Sunday, February 15, 2015

Ode to a Student Leaving

Maryalice Leister
The formulaic poem is often assigned so new writers can practice cadence in a predictable format. Although I tend to write in a long line, unrhymed format to bring my observational memoir poetry to life, I also enjoy the constraint of the formula. The method makes the topic foremost and frees a writer from needing to think through how to best present the content.

In the spring of 1993, I was asked to give the Commencement speech for my high school students, a true highlight in my career. As part of that speech, I wrote this poem or, as most writers know, almost this poem because each time a writer touches her writing, she (or he) just can't help but tweak it.

Just for the record, when I left that school, I took with me the stool I had provided and used all those years.
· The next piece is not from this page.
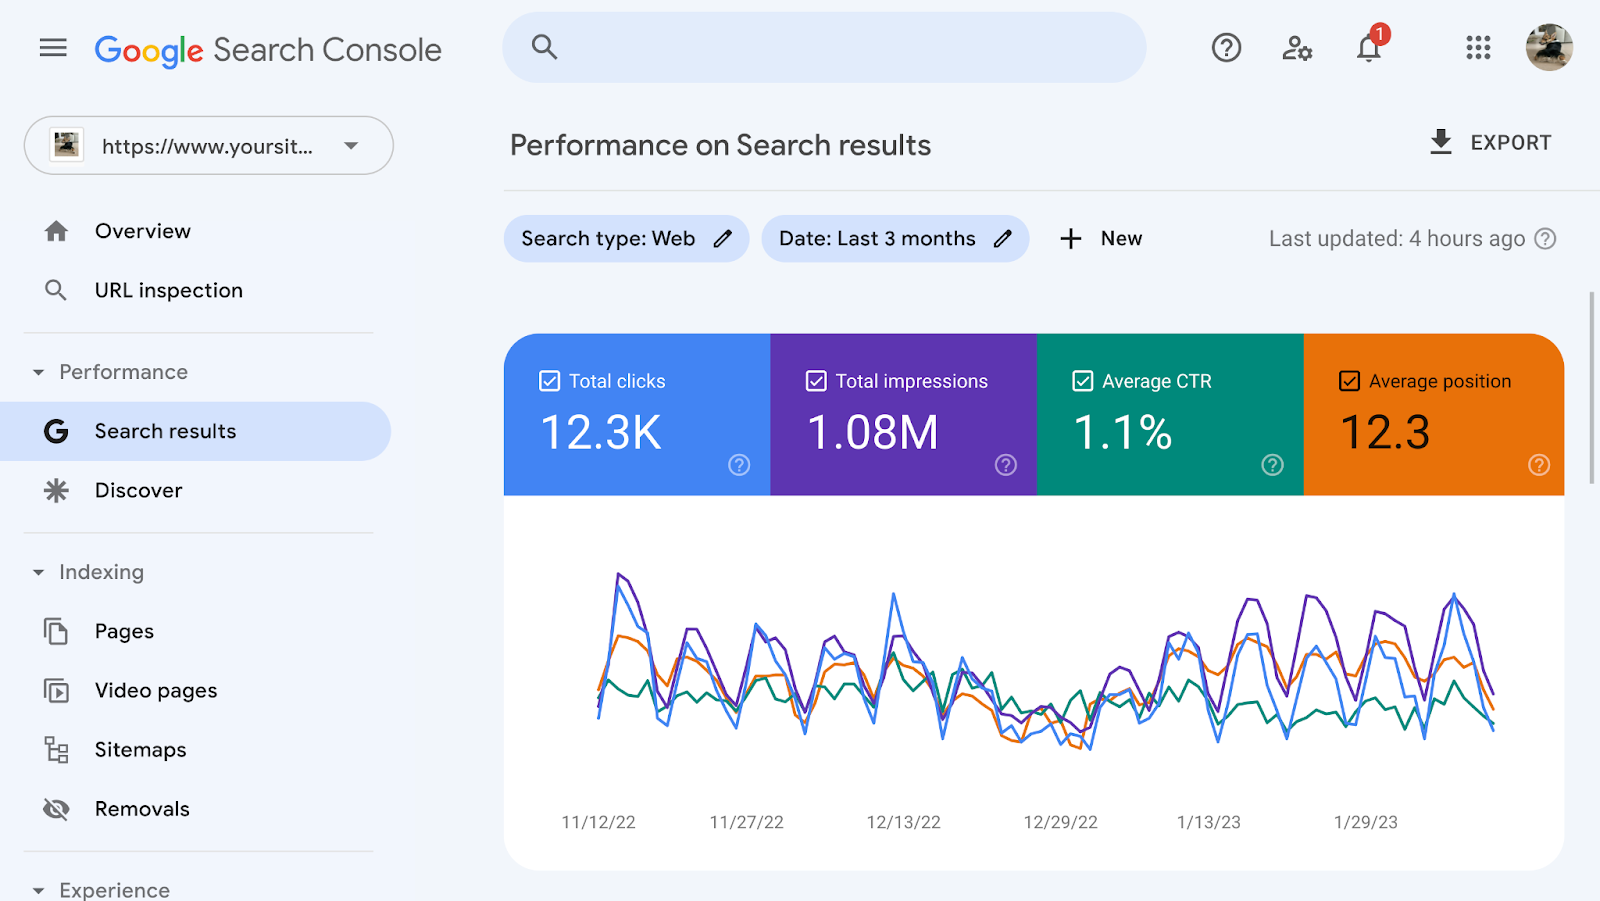 Google Search Console : Performance Report

It is now being used by my daughter in another classroom as she delivers library skills to young people. Legacies are often the simplest things.


Ode to a Student Leaving

I will never forget
         the times you came
         to perch upon my stool
         eager to lean
                       to share
                               to fly.

I will never forget
         your adrenalin-charged life,
         the giggles, the frowns,
                   soaring "ups,"
                   endless "downs."

I will never forget
         your creative abandon,
         zest for learning
         penchant for gossip,
                              for truth
                                    for hope.
empty classroom
I will never forget
         my pride in your pride,
         your unwavering trust,
         our timorous ventures into
                     uncharted territories
                                together.

I will never forget
         how you fueled my days,
         feathering clouds to
         wispy nothingness,
         buoying my spirit with
                                 your youth,
                                      your strength,
                                          your dreams.

But most of all,
             I will never forget
                         you
                              and me
                                        and us.
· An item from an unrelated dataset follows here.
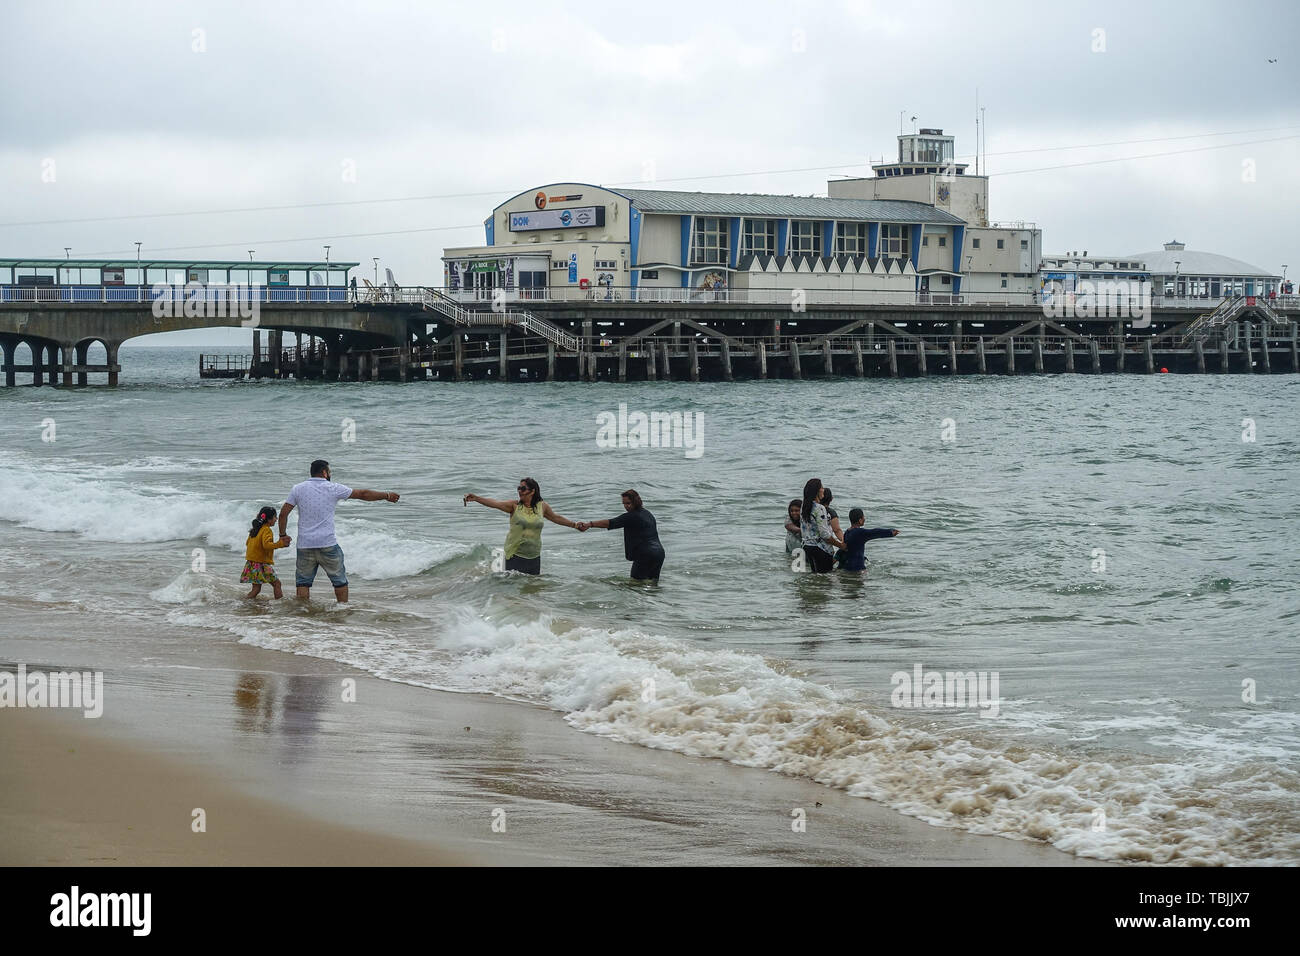 Bournemouth, Dorset, UK, 2nd June 2019. A cool start in the south of England meant that some visitors to the beach were well wrapped up in coats and hoodies. This family took to the sea fully clothed. The forecast was for 29 degrees Celsius but has only reached 20 degrees mid morning with a cool wind. Credit: Mick Flynn/Alamy Live News Stock Photo

Saturday, February 14, 2015

Spotlight: Becky Thomas King

Becky Thomas King
Becky Thomas King
My career as a teacher and writer has been filled with students at every stage of their personal journeys. Some knew exactly where they were headed and others afforded me the privilege to assist in their searches.

Today's student spotlight fits the first category. Becky Thomas King was a writer before I ever knew her and her career trajectory was clear. She would not only be a personally committed, award-winning writer, but her passion would surround the many students she would connect with in her role as high school English teacher and adviser.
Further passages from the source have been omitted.